Keywords: GAN; StyleGAN; cGAN; Deep learning; Classification; Frontal face

I. INTRODUCTION

Recently, the deep learning is triggering the development of image analysis of various data types. Deep learning keeps the state of the art (SOTA) model in almost every field of image analysis by finding and learning the features, shapes and patterns of images. In the classification of ImageNet [1] and CIFAR10 [2] datasets, models such as InceptionResnet [3], and Big transfer (BiT) [4] utilizing ResNet [5] have been selected as SOTAs and many researchers are actively studying to achieve higher accuracy [18], [19], [20], [21], [22], [23], [24]. Based on these models, face expression recognition (FER), Face Recognition and Face Generation are being investigated. Most of face datasets are often taken in a laboratory or controlled in front. However, in real life, there are more pictures of different directions than the exact frontal one. There is a research [6] that present problems and analyzed only profile face data. If we can make a generation as good quality about the front one from the side view image, we can utilize it in various applications.

The main models in a field of image generation are Ganerative Adversarial Network (GAN) [8] and Variational AutoEncoder (VAE) [9]. In particular, many different GAN models focus on producing high image quality which the style is transferred. Concretely, there are some networks that generate images by extracting the characteristics of the image and synthesizing the disentangled attributes such as StarGAN [10], InterfaceGAN [7], CycleGAN [11], DiscoGAN [12], and StyleGAN [13].

Shen et al. extracted the latent space through the trained StyleGAN and proposed a methodology for various style edits [7]. As shown in Fig. 1, the more we change to the profile from frontal face, the more certain people lose their identity.

Fig. 1. Pose generation example of interfaceGAN [].

Download Original Figure

In this paper, we suggest a new method only using deep learning without image editing techniques for generating the frontal face from images of other directions. Conditional generative adversarial network (cGAN) generated an image corresponding to X according to stationary post-conditions Y as posterior X|Y [14]. Using this method, we generate a frontal face while Y is style condition, but we get style vector by our models instead of fixed value Y.

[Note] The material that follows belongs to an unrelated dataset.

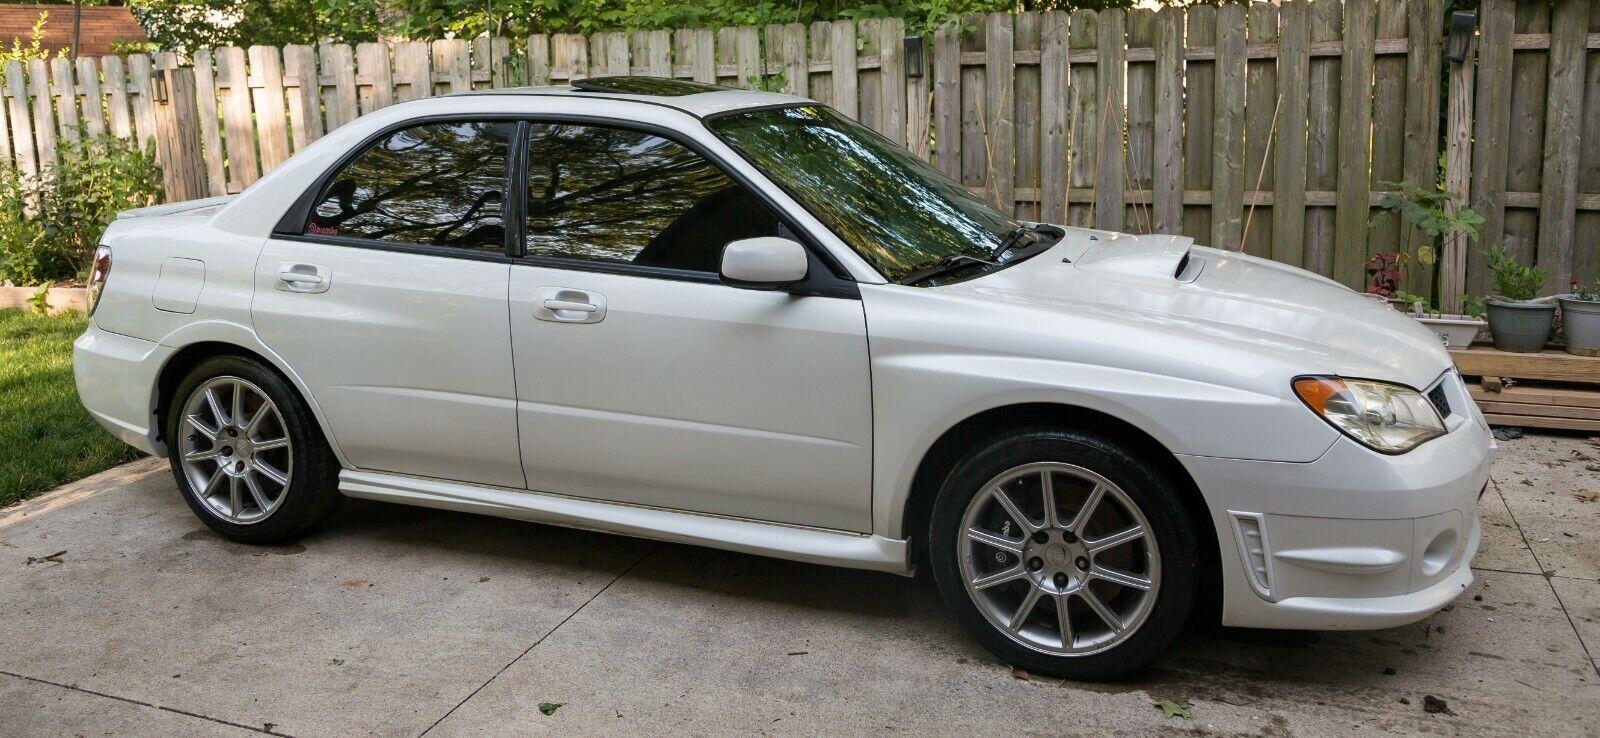 2007 Subaru WRX WRX Sti Limited

The four models that each model extracts diverse style of face are proposed. First, style-encoder model has a structure similar to discriminator, obtaining style vectors by image, and it’s called StyleEncoder.

The second model is advanced version of first model which has an attention mechanism by 1×1 convolution, defining A-StyleEncoder. Also, without training model which finds the style, use the classification model trained by another dataset to generate a frontal view. One of them is InceptionResNet trained by VGGFace2 and we compare the results each of models in experiments. A-StyleEncoder model gets the properties which are coarse feature of face like hair, beardand outline. The pre-trained Inception Resnet model extracts details of face such as eye, nose and mouth type. To combine these features together, we merge the model’s output and it could be considered not only specific area of face but also overall style. After, a style vector as input on generator, generates frontal face.

In next section, we will introduce other models and methodologies that define styles from image related to the suggested models. We propose a method for training each network’s parameters and the four types of style extraction model in approach in Section 3. In Section 4, we compare the output image of each model and PSNR result with the original image. Also, we will visualize the vector from the StyleEncoder model to check whether the style was extracted properly and specify the parametric structure of generator, discriminator and styleEncoder model. Finally, we explain limitation of the research, future work and important effect in Section 5.

II. RELATED WORK

2.1. cGAN

The conditional-GAN [14] trains the model by conditioning a class label on the generator and the discriminator in order to generate an image of a given type that meets the desired conditions. The learning method is the addition of the condition y from the existing GAN structure as the following:

min G max D V (D, G) = 𝔼 x ∼ P d a t a (x) [log D (x | y)] + 𝔼 z ∼ P z (z) [log (1 − D (G (z | y)))],

(1)

where D and G represent the discriminator and generator, respectively. x is a real image, z is a noise input for generating fake image. Conditional Generative Adversarial Network overcomes the limitations of the generated images with random Gaussian sample. In this paper, image-dependent vector by style network replaces class label y. The generator model is responsible for generating identically corresponding frontal face by the designed style encoder model.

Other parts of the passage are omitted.